===== DATA =====

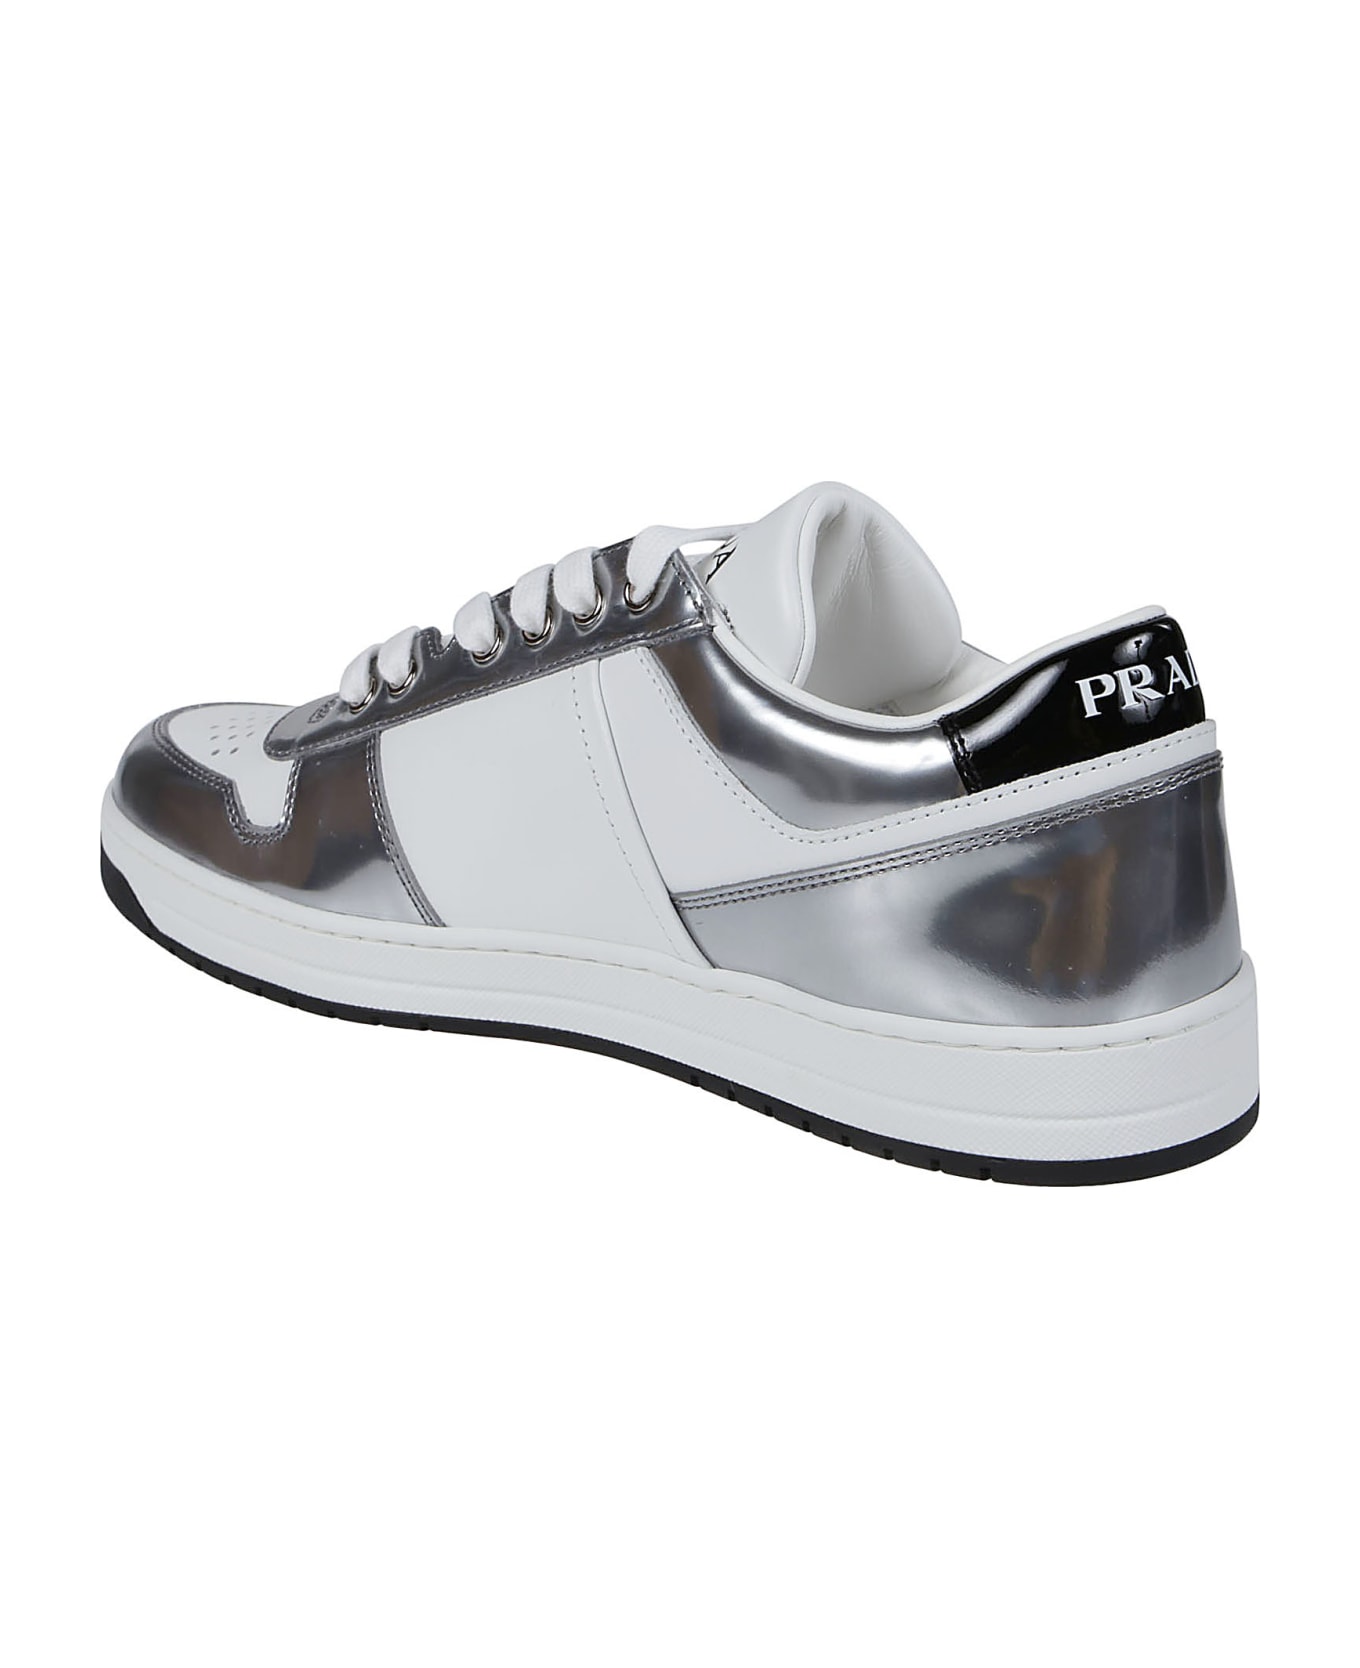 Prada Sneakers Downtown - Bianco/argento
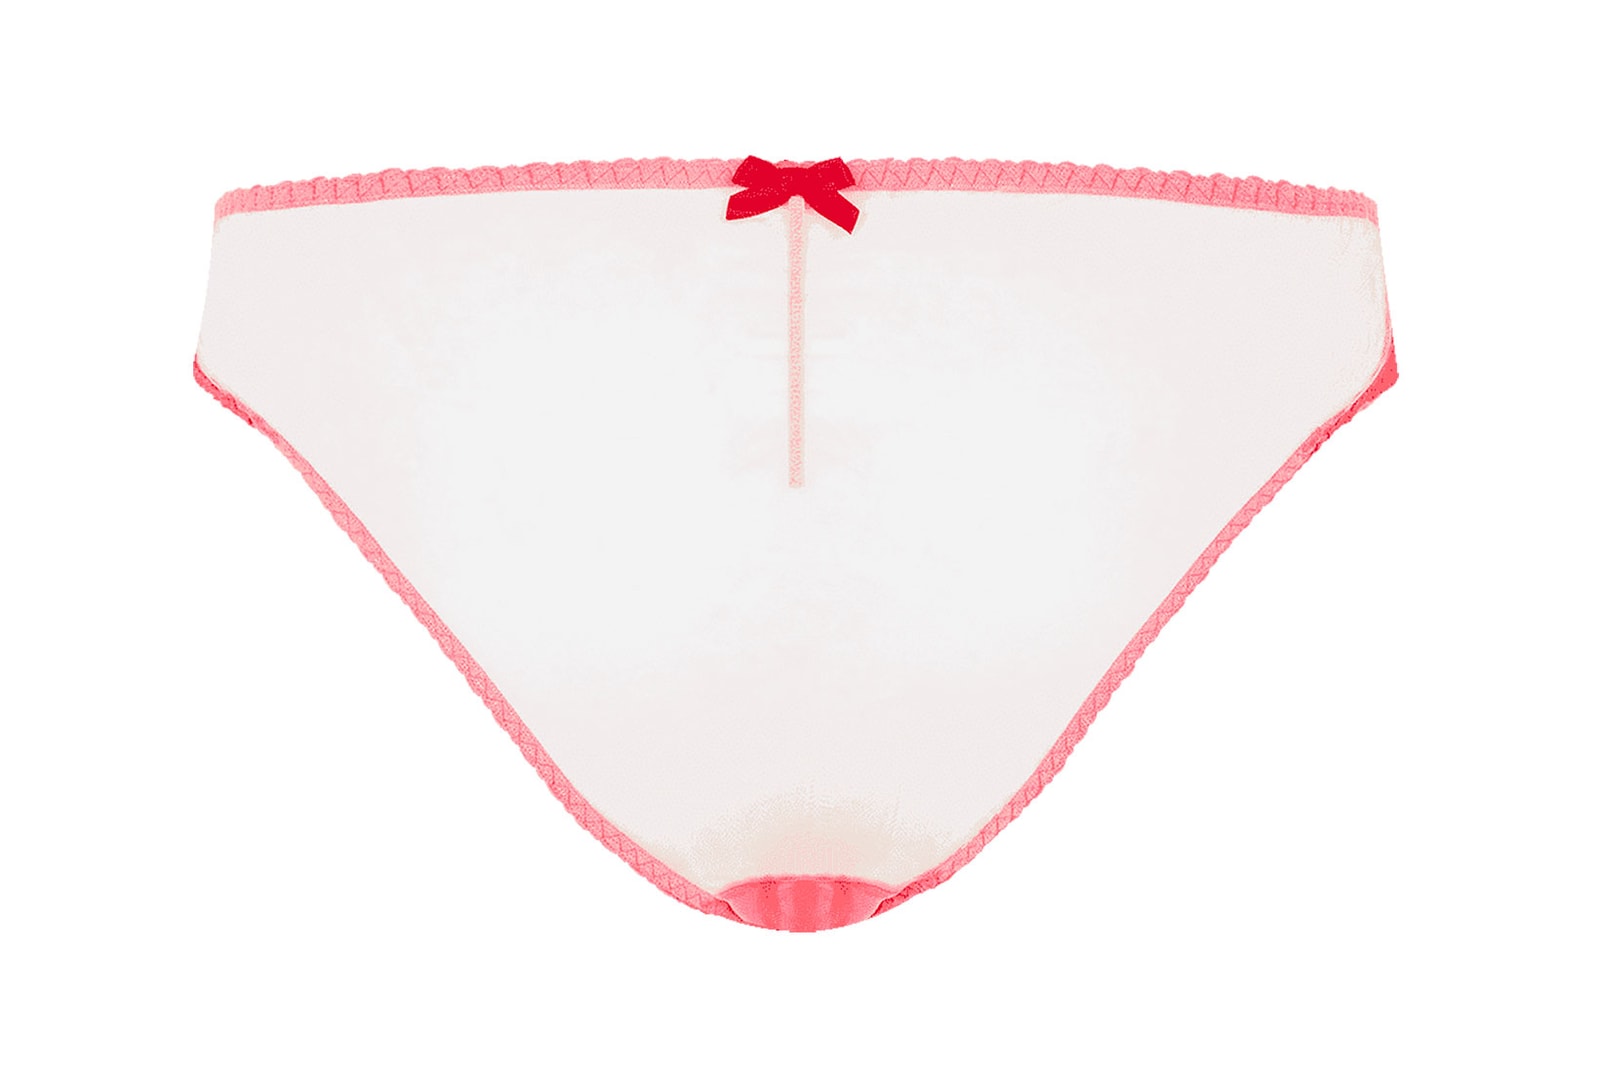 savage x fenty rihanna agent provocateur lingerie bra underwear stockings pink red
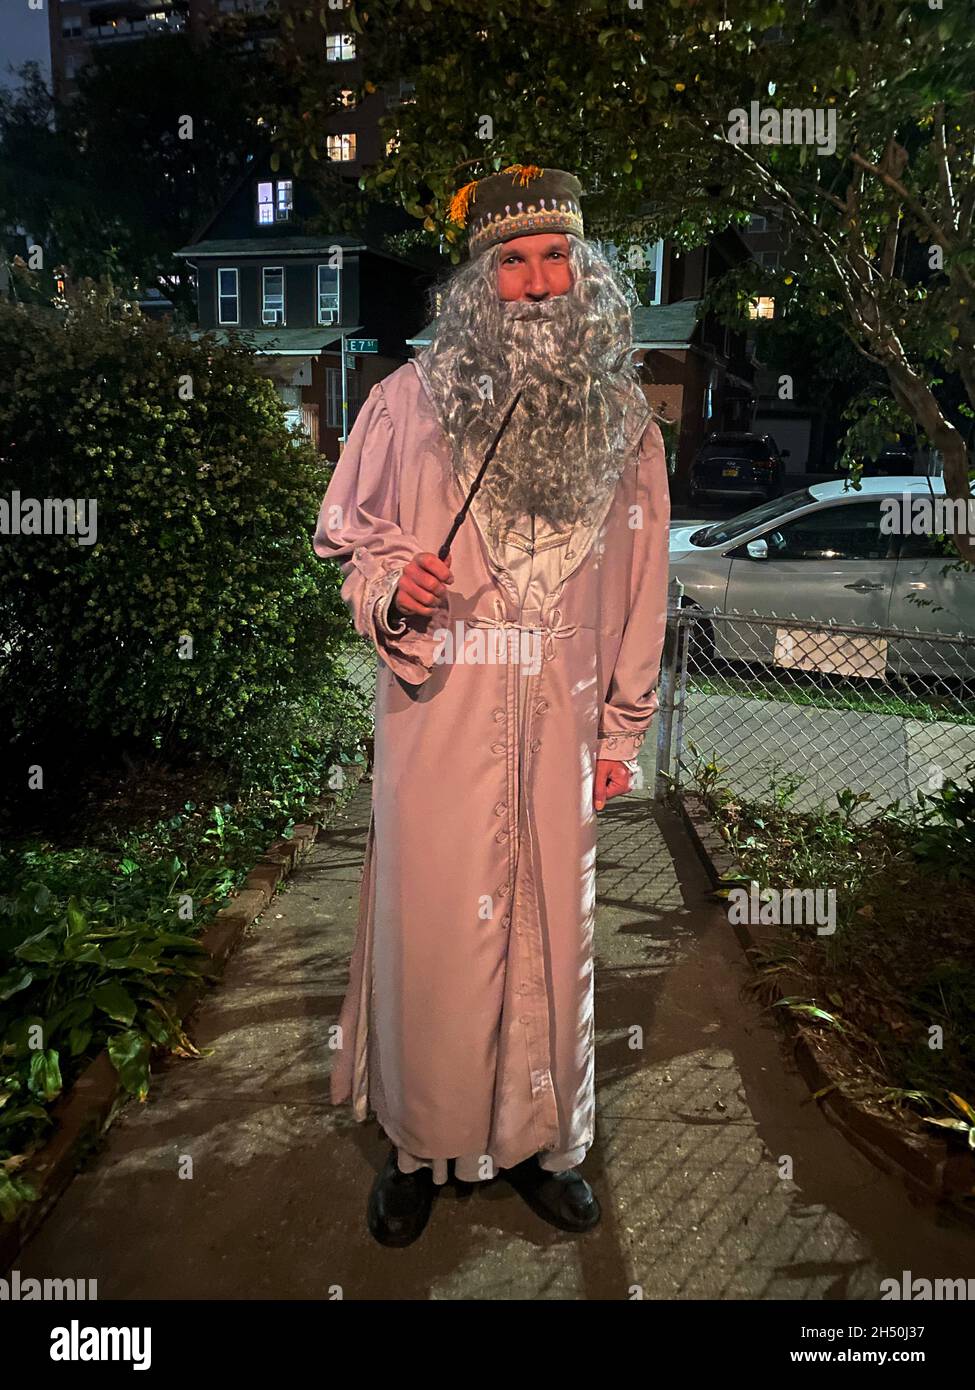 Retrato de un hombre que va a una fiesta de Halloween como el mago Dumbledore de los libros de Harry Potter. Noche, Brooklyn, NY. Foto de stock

=====

WHAT YOU SHOULD DO:
Send back the listing exactly as it stands. Do not include the pictures.

RESPONSE TO THE TASK:
 Prada Sneakers Downtown - Bianco/argento
 savage x fenty rihanna agent provocateur lingerie bra underwear stockings pink red
 Retrato de un hombre que va a una fiesta de Halloween como el mago Dumbledore de los libros de Harry Potter. Noche, Brooklyn, NY. Foto de stock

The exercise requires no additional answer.